The permanent storage has a limited number of "writes" and once exceeded, some areas may no longer be written to. The maximum number is about 10,000, and the nano chip with average usage should last about ...
see below for calculations..
the permanent storage is "part" of the Arduino Nano chip, so that would be replaced (hence my notes about building these with header risers to allow replacement of the nano chip (user guide pdf pg57).
The firmware was written by me to break the permanent storage into blocks, such that the settings are saved starting with block 0. The next boot up then uses Block 1, etc etc, so that one particular block is not being written to all the time. The block number starts at 1.. 33 and when it reachs the maximum block number of 33, the next block will be 1. Then 2, then 3 etc , then 33, then 1, then 2 etc
Ok, but what does all that mean?
If you make a change, and then reboot the controller, or turn if off, or it crashes before the 10s time interval, then changes will not be saved.
When the time comes to save the settings (after 30s), if the focuser is moving, the change is not saved, In these cases, the timer flag still stays set, and then when the focuser stops, a new 10s count starts again.
How to find/change the save time interval.
myrotator_defines.h file
The default is 30s. To change it then change the 30000L to a different value. A lower value increases the number of writes and hence burns out the permanent storage faster (if you change it to 5000L hen expect to burn out that memory much much quicker).
In my controllers, I set this save time to 30000L (30s)
Can I make a change and then save it quickly
Yes, but that has to used sparingly because again, every write is 1 less,
In the Windows application menu (user guide PDF pdf 135), Settings, Write Settings (EEPROM)
will write the current memory settings into permanent storage (again do this when focuser is not moving). Dont do that yet.
How can I use this of I think changes are not being saved?
So we have come full circle back to beginning. You suspect that a setting is not being changed. How do you test to see if that is what is happening?
USING NEW WINDOWS APPLICATION 2_4_0_8
Change a setting that you think is not being saved or remembered.
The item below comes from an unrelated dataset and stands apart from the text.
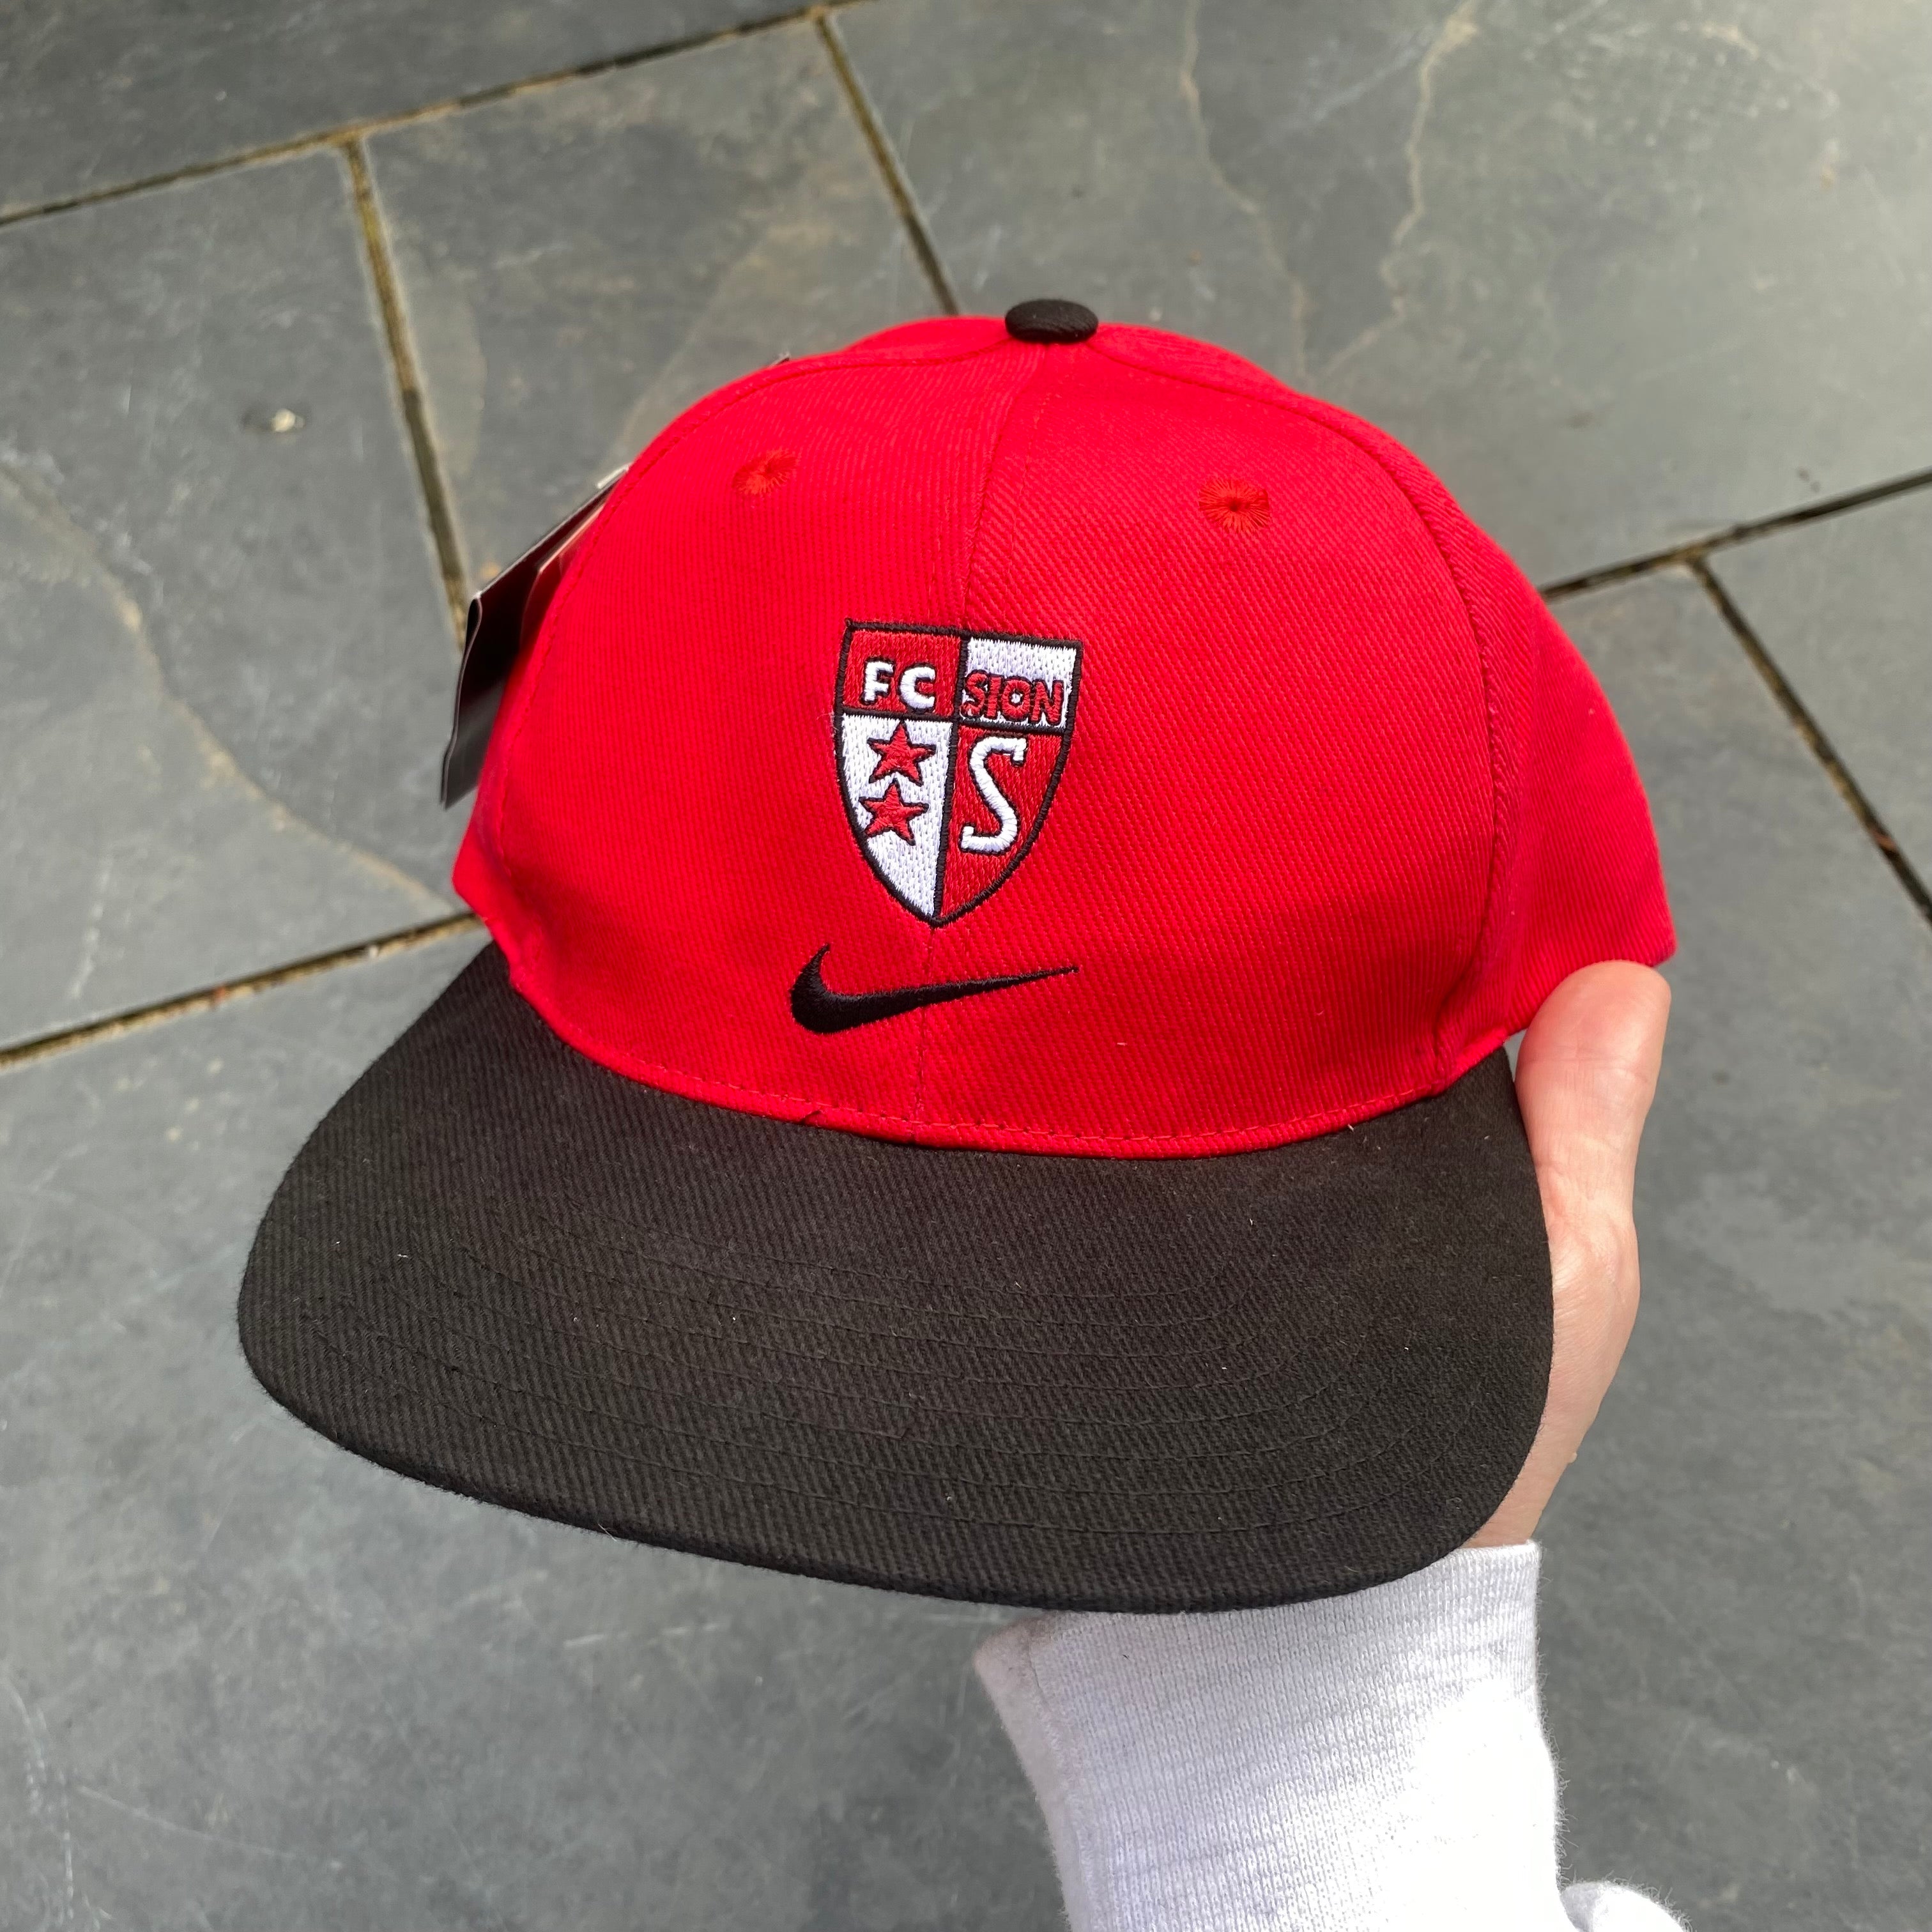 Vintage Nike FC Sion Hat Cap Red
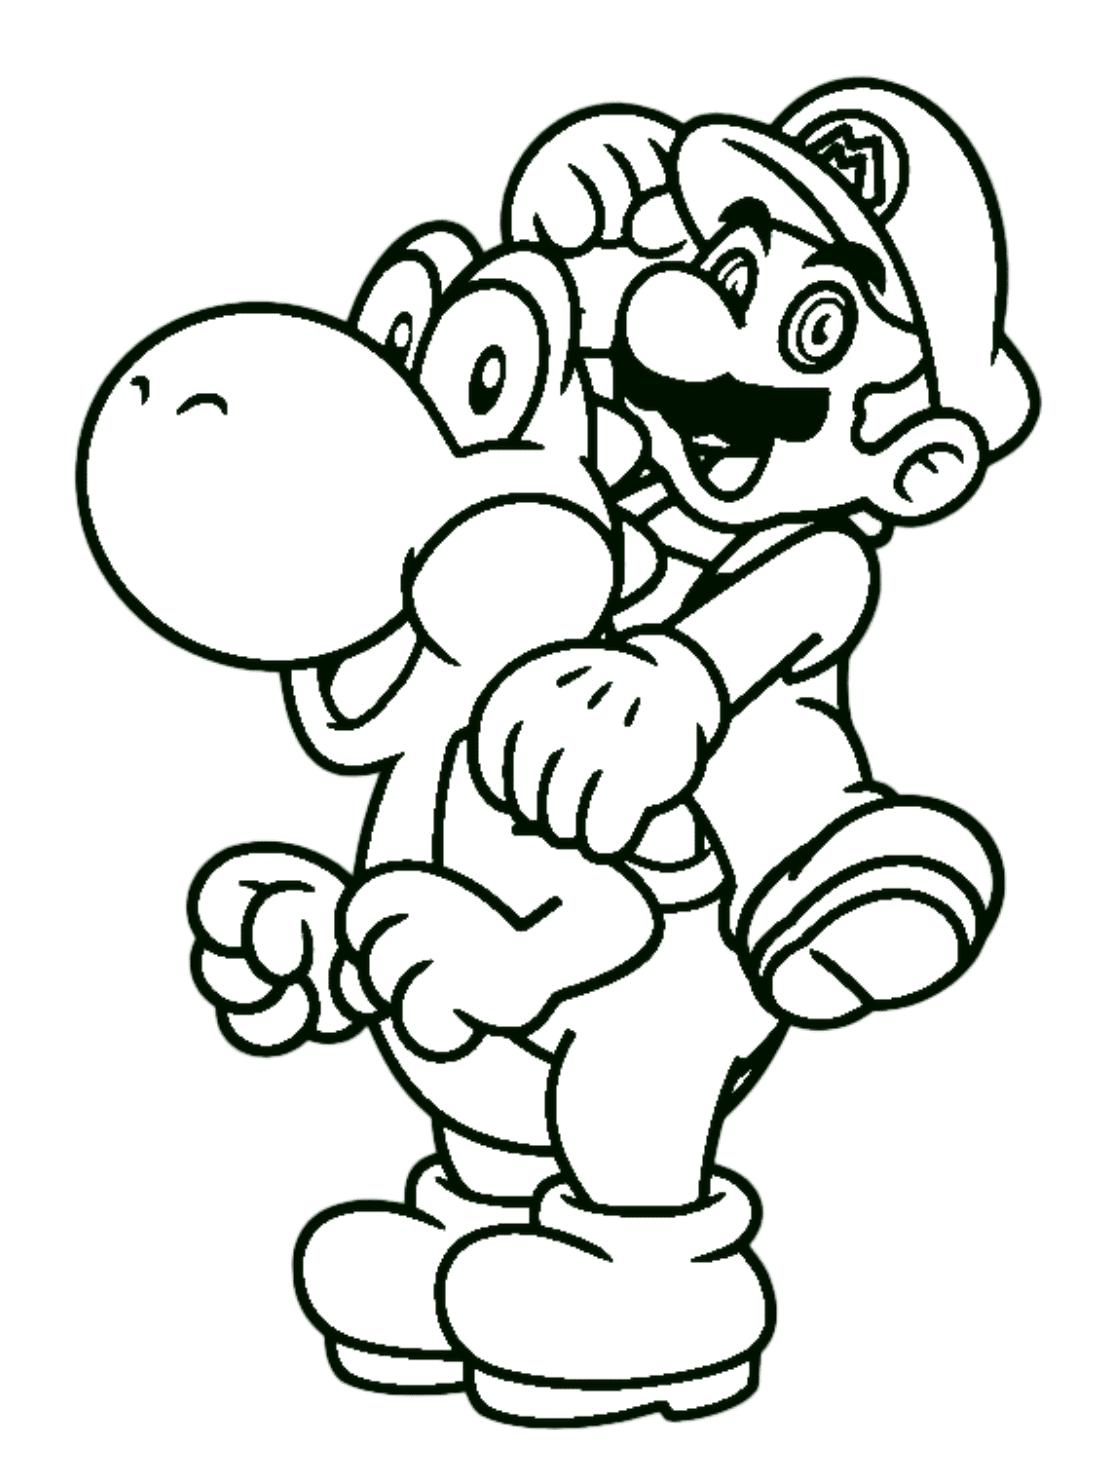 Mario Riding Luigi - Coloring Online Free

Lets settle on Reverse.
1. Use the Windows application Motor tab. (Alt+M)
2. Check the box Reverse
3. Click the Set button (this sends the Reverse state to the Controller)
4. Uncheck the box Reverse (this is not sent to the controller)
5. Click the Get button to get the controller settings
6. The reverse check box should switch to checked meaning Reverse is enabled
This tests the fact that the controller settings are being changed correctly.
It does not test if the change was written to permanent storage (because that happens after a delay expires).
Test if memory storage values are written to permanent memory.
make sure focuser is not moving
Use Get button again to check that the setting is still enabled.
Using the Settings Menu, click Write Settings (EEPROM).
Now the values are written to permanent storage.
Because these permanent values are ONLY READ once at boot up, we must reboot the controller. So use the settings menu to do the reboot.
Windows App Settings menu: Reboot Controller
After clicking reboot, go to the Connection tab and disconnect the connection.
Wait a few seconds then click Connect button.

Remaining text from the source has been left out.